For identifying somatic point mutations13, the initial candidate point mutations were called using Mutect2 (v4.1.2.0)46. The mutations were further filtered to remove artefacts that arose during whole-genome amplification (https://github.com/ShainLab/Single_Cell_Somatic_Mutation_Caller). The app uses phasing and expression information to validate somatic mutations. True mutations were expected to show linkage to these nearby SNPs, whereas artefacts typically displayed incomplete or no linkage.
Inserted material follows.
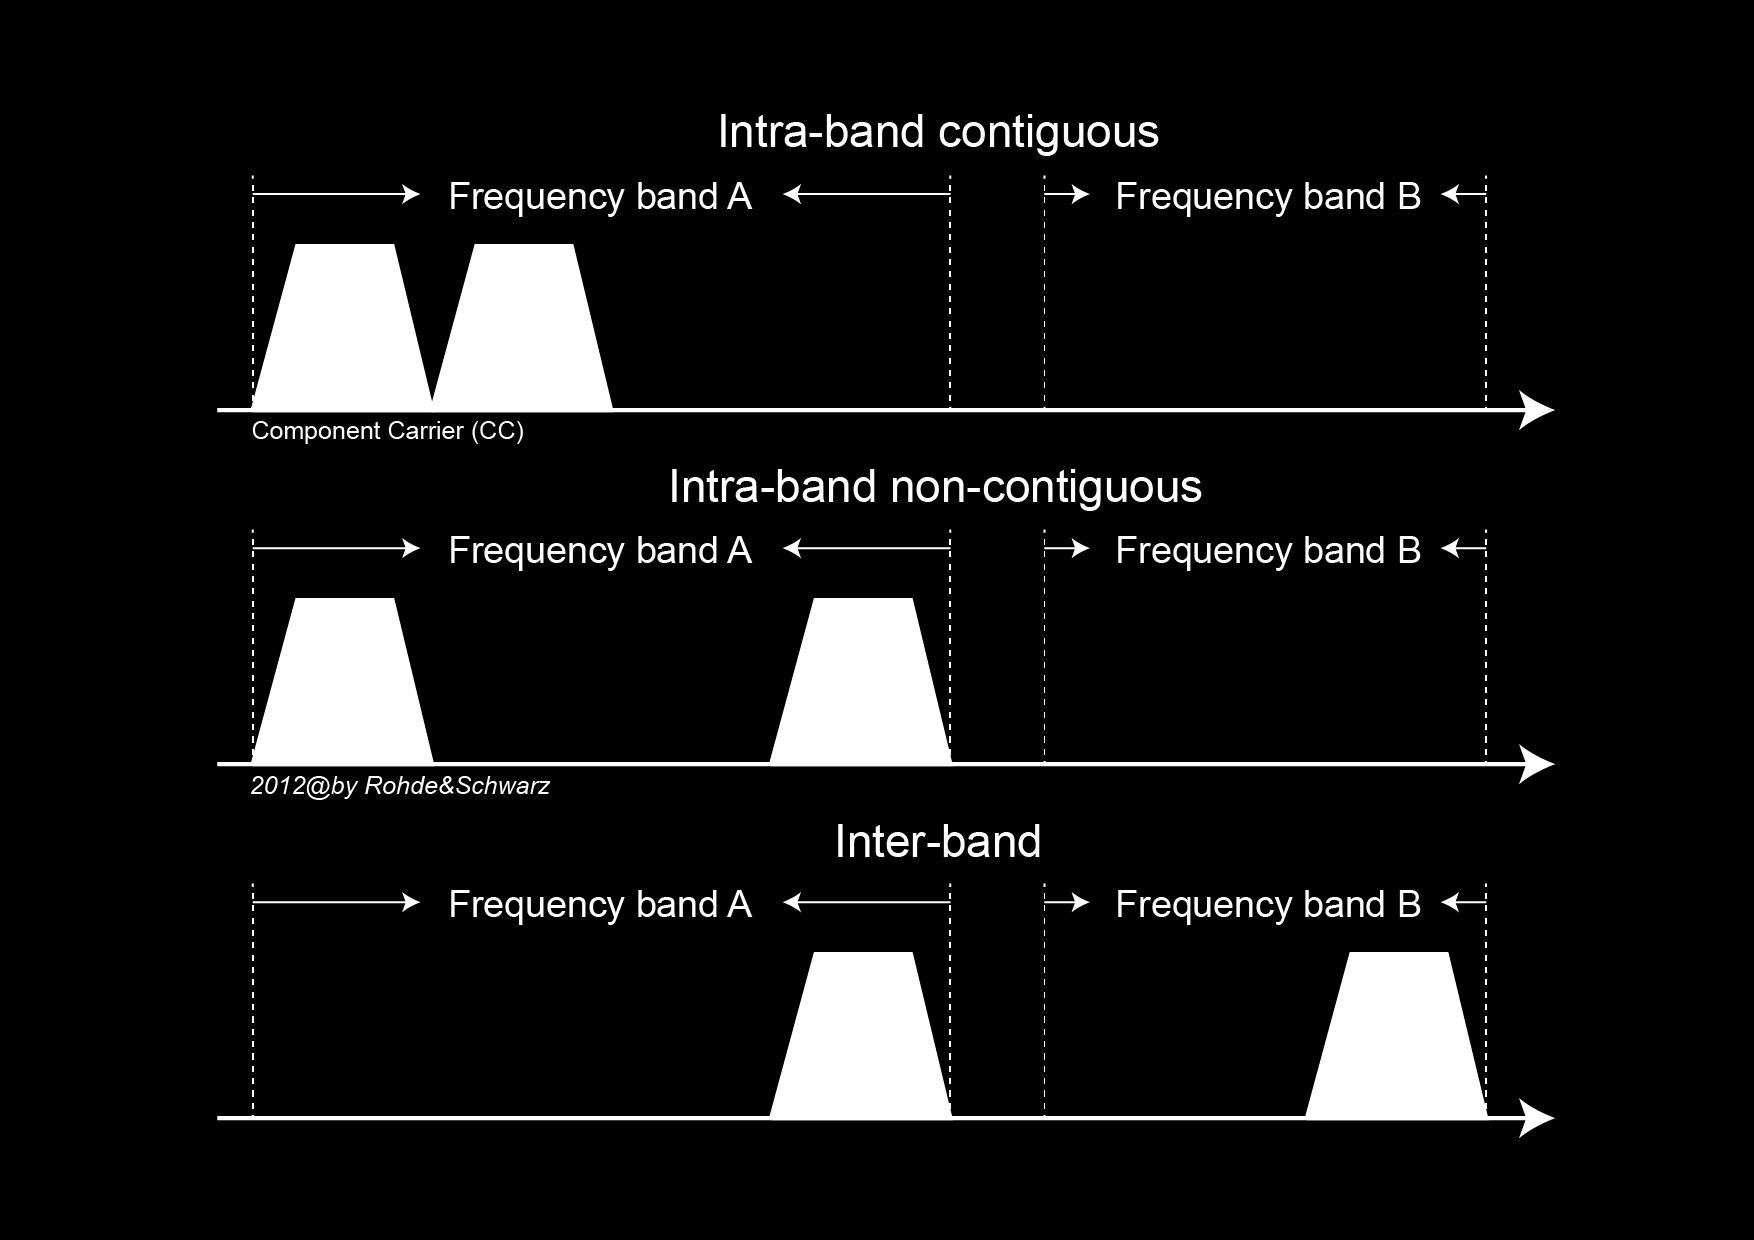 4.2 頻帶彈性分配載波聚合可依頻譜配置方式, 區分為同頻連續 (Intra-band contiguous) 同頻非連續(intra-band non-contiguous) 與異頻載波 (inter-band) 分配三種, 如圖 4 所示, 其中連續載波聚和中, 為了向下支援符合 Rel.

For phasing, we begin by using the GATK ReadBackedPhasing function using the patient’s normal BAM file, a VCF of germline heterozygous SNPs (stringently filtered for high specificity), and an annotated VCF file as input. This generated a phased VCF file, which was then used as input for our ‘Single_Cell_Somatic_Mutation_Caller’ custom software application (https://github.com/ShainLab/Single_Cell_Somatic_Mutation_Caller). Within the application, custom scripts split tumour BAM reads into haplotype-specific BAM files. Candidate somatic mutations were then counted in the BAM files corresponding to each haplotype using the samtools mpileup function. These counts were compiled into a summary table, and our app categorized each variant as either clonal (that is, in complete linkage with the nearest germline SNP) or subclonal (not in linkage), or made no call if there were no nearby SNPs and/or coverage was low in the haplotype BAM files.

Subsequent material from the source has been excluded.